M. Yerle, A.O. Goureau, A. Schmitz, D. Millan, G. Frelat, J. Gellin, J. Riquet, P. Pinion

  • Para localizar genes candidatos, QTLs, o para usar la selección asistida par marcadores se necesitan mapas génicos integrados y desarrollados. Como la cartografía génica humana está significativamente más avanzada, un cariotipo comparativo entre la especie humana y la porcina, que indicara la localización y extensión de las regiones de homología permitiría obtener beneficios del mapa humano. Para determinar las correspondencias entre segmentos cromosómicos homólogos humanos y porcinos, utilizamos sondas para coloración e hibridación in situ de cromosomas completos de ambas especies, en experimentos bidireccionales de hibridación heteróloga. Esta estrategia permite determinar las homologias segmento a segmento entre los cromosomas de ambas especies. Las sondas para coloración e hibridación in situ específica de cromosomas de ambas especies fueron obtenidas en todos las casos excepto en uno por DOP-POR (sondas comerciales Cambio) o amplificación PARM-PCR de cromosom as seleccionados en flujo. El 95 p. cien de la longitud total de los cromosomas porcinos fue marcado por sondas de coloración e hibridación in situ humanas, mientras que el 60 p. cien de los cromosomas humanos fue tratado por este procedimiento en los experimentos inversos. Treinta y nueve segmentos homólogos fueron detectados en los autosomas.
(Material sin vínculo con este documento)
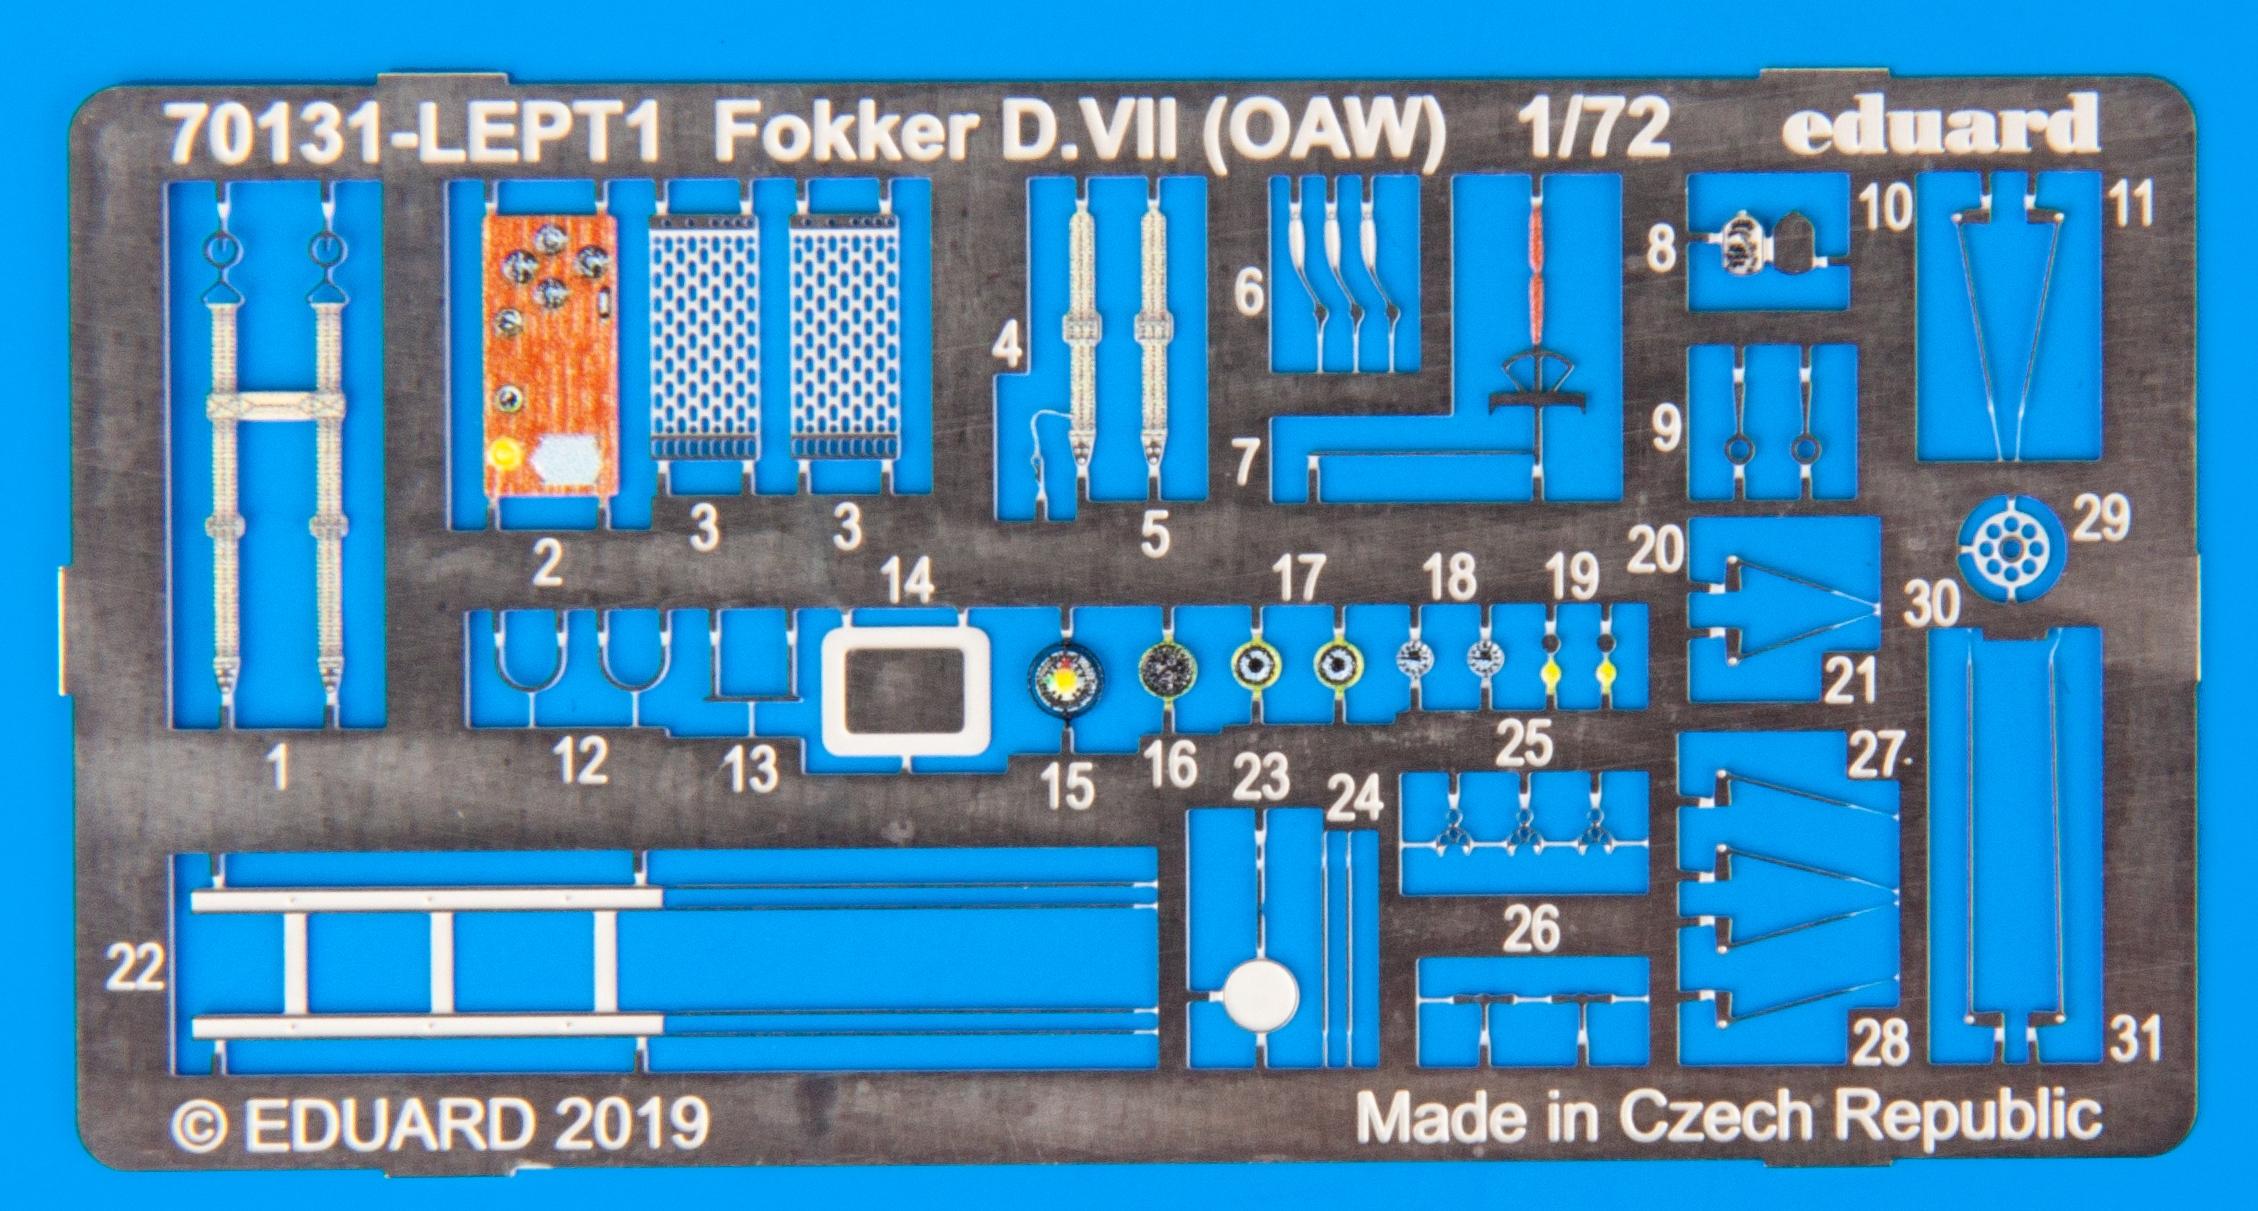 Eduard-70131-Fokker-D.VII-OAW-ProfiPack-Photoätzteile Fokker D. VII (OAW) in 1:72 von Eduard # 70131

Cinco de ellos abarcaban cromosomas completos en ambas especies. Existe un elevado nivel de concordancia entre los datos de cartografía comparativa y 27 de los segmentos homólogos identificados par lo que esta comparación hizo posible la orientación de los segmentos. Además, once segmentos homólogos aportaron información novedosa acerca de la cartografía comparativa. Queda demostrado que la coloración e hibridación in situ heteróloga bidireccional es un método de elevada eficacia para generar mapas citogenéiicos comparativos entre especies de mamíferos distantes evolutivamente.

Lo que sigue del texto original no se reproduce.